I am conscious that the hon. Lady raised a specific fault. I am happy to put it on the record that there was an acceptance that that was a fault, and that, as of 18 April, it has been fixed. The reality of the situation is that the calculator provided the wrong outcome in one particular instance—for couples where one member is in receipt of carer’s allowance and the other retains an underlying entitlement to carer’s allowance. I will leave her to look at the specifics of the letter when she receives it later today. I am grateful to her and the Derbyshire team for bringing the issue to our attention. It has been rectified, and I hope the position on that matter has been addressed.
The hon. Lady raised a separate issue about pension credit generally. It is entirely the case that we are attempting to encourage people to be in a position to take up pension credit in a particular way, and there most definitely is a desire for that to happen. All 115,000 existing mixed-age couples involved were written to subsequent to the decision being made in January. Although I do not have a regional breakdown of that figure, 8,000 people will potentially be affected in Scotland. I do not have localised figures for the hon. Lady’s area.
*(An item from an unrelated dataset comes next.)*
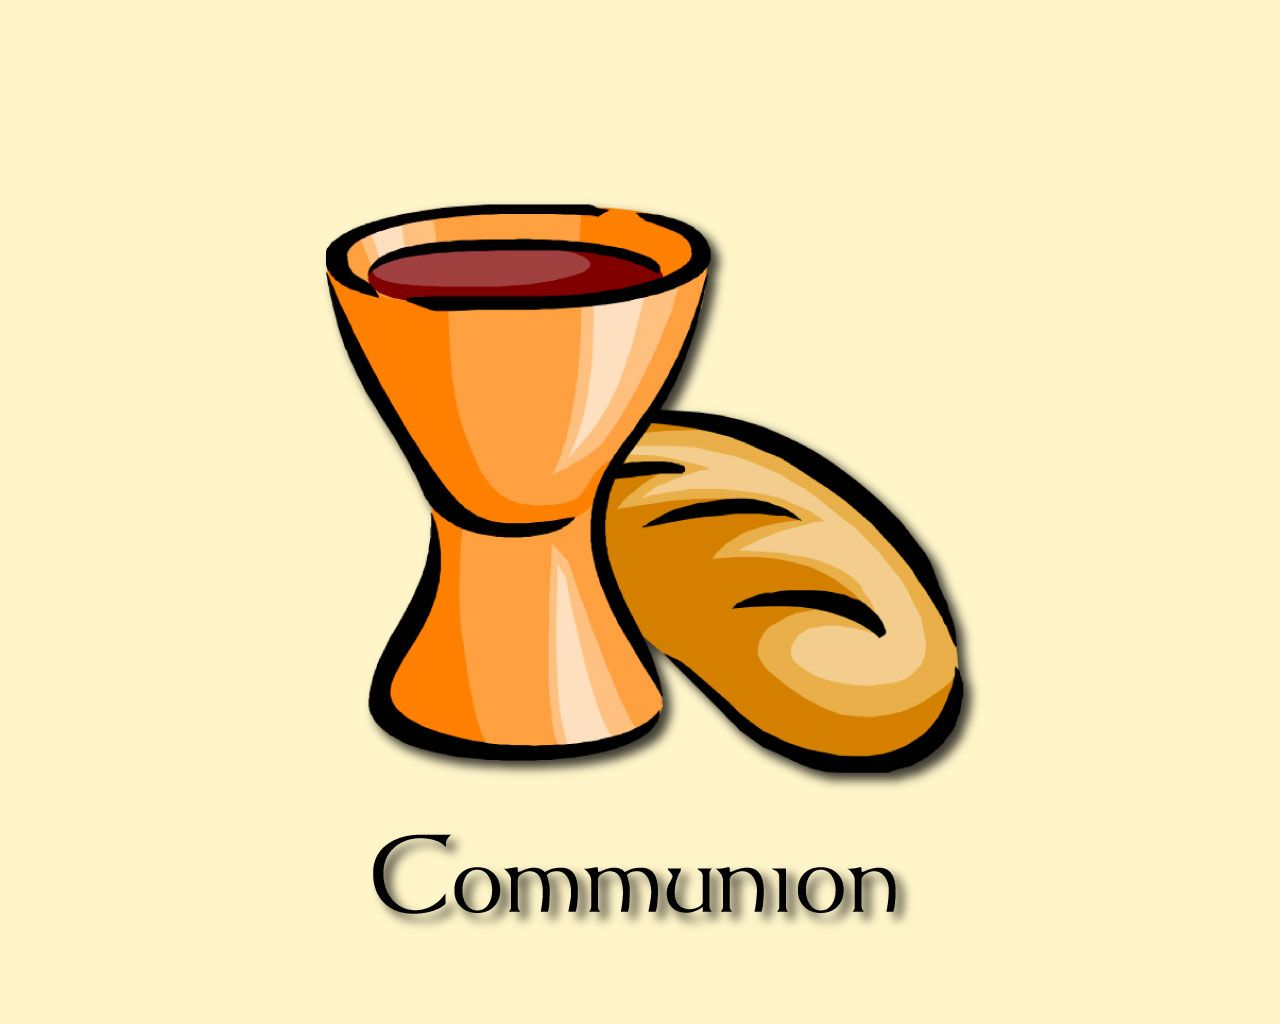 Holy Communion Clip Art Free Clipart.
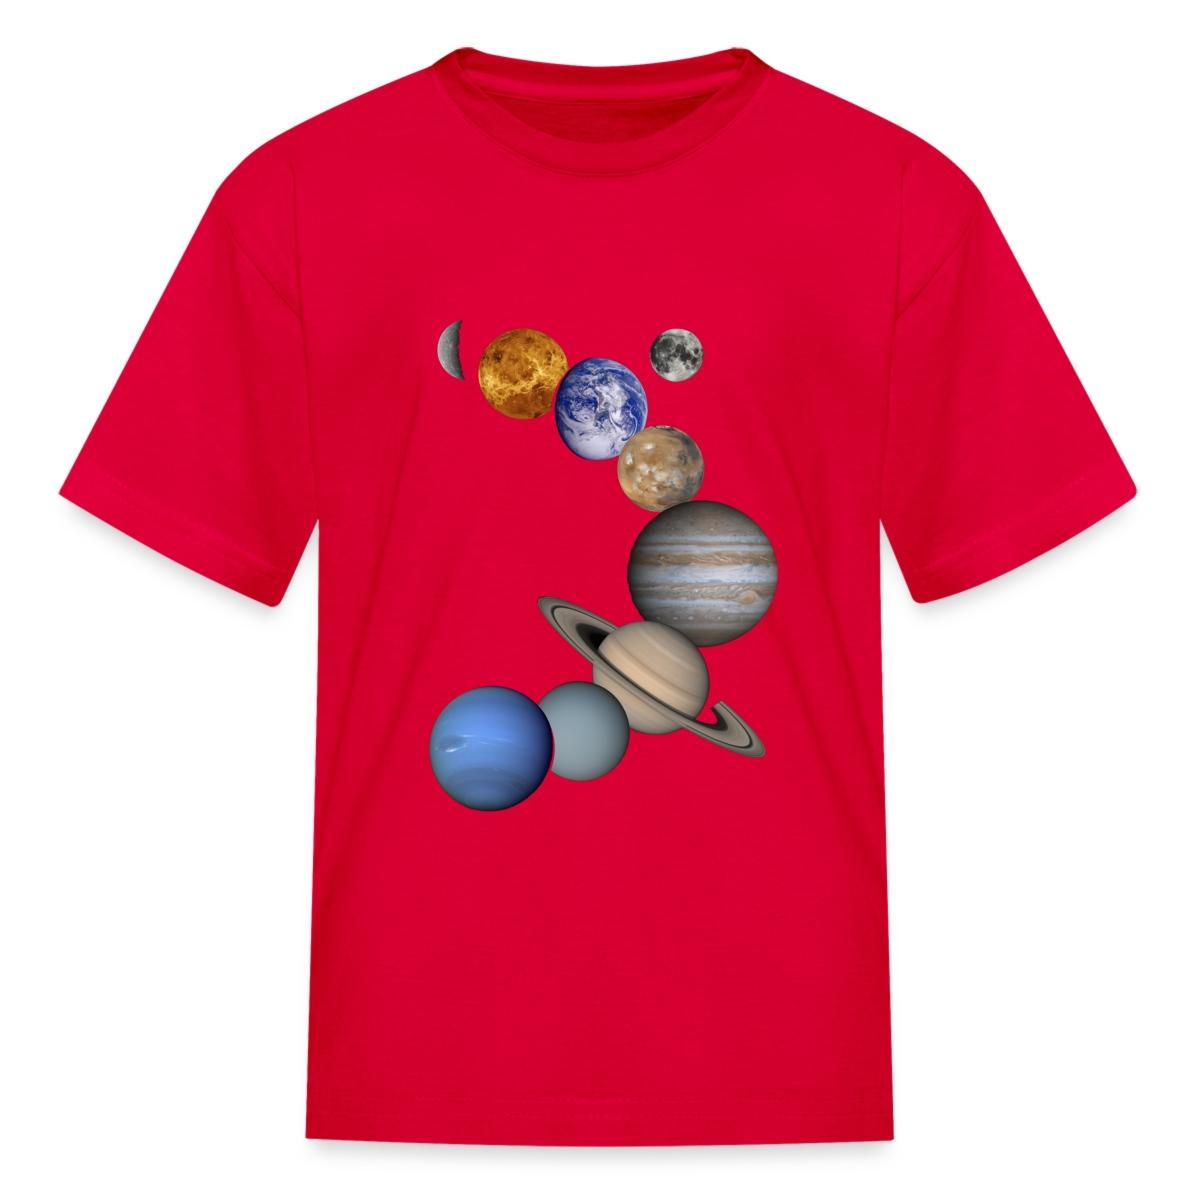 family t shirt solar system - photo #14

I want to stress that the change does not in any way affect entitlement to state pension or the level of state pension. Mixed-age couples who are already receiving pension credit or pension-age housing benefit on 14 May will not be affected for as long as they remain entitled to either of those benefits. As I said, we have written directly to those couples to inform them of the change. The change therefore will apply mainly to working-age couples currently claiming means-tested benefit, or to mixed-age couples who apply for benefit only after the date of the change.
I thank the Minister for giving way again; he is being very generous. On the calculations, has he had any meetings with Age UK or Age Scotland, which indicate that people could be £7,000 a year worse off as a result of the change?
Age UK has met repeatedly—as recently as last month, as I understand it—with civil servants and special advisers in the Department for Work and Pensions. It is almost impossible to state what a future calculation will be without taking into account whether the individual will apply for a job and what their allowances for caring responsibilities and their other entitlements will be. There is a requirement and a desire for universal credit to incentivise and reward paid work, while pension credit is intended to provide long-term support to pensioner households who have left the labour market permanently through retirement.
(5 years, 10 months ago)
Commons ChamberI accept those points. That was specifically reviewed by John Cridland on an independent basis, as ordered by Parliament, in 2017. His report, a copy of which is in the Library, addresses those points.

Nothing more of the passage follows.